[Collected data entries]
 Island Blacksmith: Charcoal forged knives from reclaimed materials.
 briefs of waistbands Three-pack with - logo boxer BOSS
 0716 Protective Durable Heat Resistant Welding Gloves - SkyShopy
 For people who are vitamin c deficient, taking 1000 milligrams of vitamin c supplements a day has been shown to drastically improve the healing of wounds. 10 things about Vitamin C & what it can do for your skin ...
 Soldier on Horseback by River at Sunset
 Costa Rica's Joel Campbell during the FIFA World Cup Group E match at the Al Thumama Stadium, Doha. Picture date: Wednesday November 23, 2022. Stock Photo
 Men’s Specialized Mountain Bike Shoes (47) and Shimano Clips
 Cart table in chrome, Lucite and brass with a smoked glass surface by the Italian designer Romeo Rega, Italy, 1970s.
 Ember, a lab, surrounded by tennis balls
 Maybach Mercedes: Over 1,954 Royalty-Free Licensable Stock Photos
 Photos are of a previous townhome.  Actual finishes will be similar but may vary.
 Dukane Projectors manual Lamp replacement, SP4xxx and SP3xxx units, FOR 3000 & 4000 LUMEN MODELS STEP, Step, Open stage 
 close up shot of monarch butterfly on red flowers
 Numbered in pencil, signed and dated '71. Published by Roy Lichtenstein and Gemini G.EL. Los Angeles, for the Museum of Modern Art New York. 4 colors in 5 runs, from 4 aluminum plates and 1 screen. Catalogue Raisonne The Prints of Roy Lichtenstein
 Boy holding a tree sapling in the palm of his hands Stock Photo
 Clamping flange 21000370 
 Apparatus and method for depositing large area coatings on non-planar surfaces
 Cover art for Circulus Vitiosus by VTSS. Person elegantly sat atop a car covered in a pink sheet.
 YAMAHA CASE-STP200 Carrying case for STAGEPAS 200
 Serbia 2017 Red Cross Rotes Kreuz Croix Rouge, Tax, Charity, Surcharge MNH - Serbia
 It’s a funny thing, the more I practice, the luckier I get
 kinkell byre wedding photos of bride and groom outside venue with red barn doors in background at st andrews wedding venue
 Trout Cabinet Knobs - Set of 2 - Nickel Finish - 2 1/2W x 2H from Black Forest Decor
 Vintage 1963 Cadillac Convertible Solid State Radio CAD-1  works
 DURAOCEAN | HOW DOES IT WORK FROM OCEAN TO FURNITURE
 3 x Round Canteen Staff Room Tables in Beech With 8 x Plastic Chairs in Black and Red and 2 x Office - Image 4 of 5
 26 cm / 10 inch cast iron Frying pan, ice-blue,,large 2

→ WHAT TO WORK ON: Collect each line of the entries that has the word "Stock", copying it in full.

→ YOUR SOLUTION:
 Costa Rica's Joel Campbell during the FIFA World Cup Group E match at the Al Thumama Stadium, Doha. Picture date: Wednesday November 23, 2022. Stock Photo
 Maybach Mercedes: Over 1,954 Royalty-Free Licensable Stock Photos
 Boy holding a tree sapling in the palm of his hands Stock Photo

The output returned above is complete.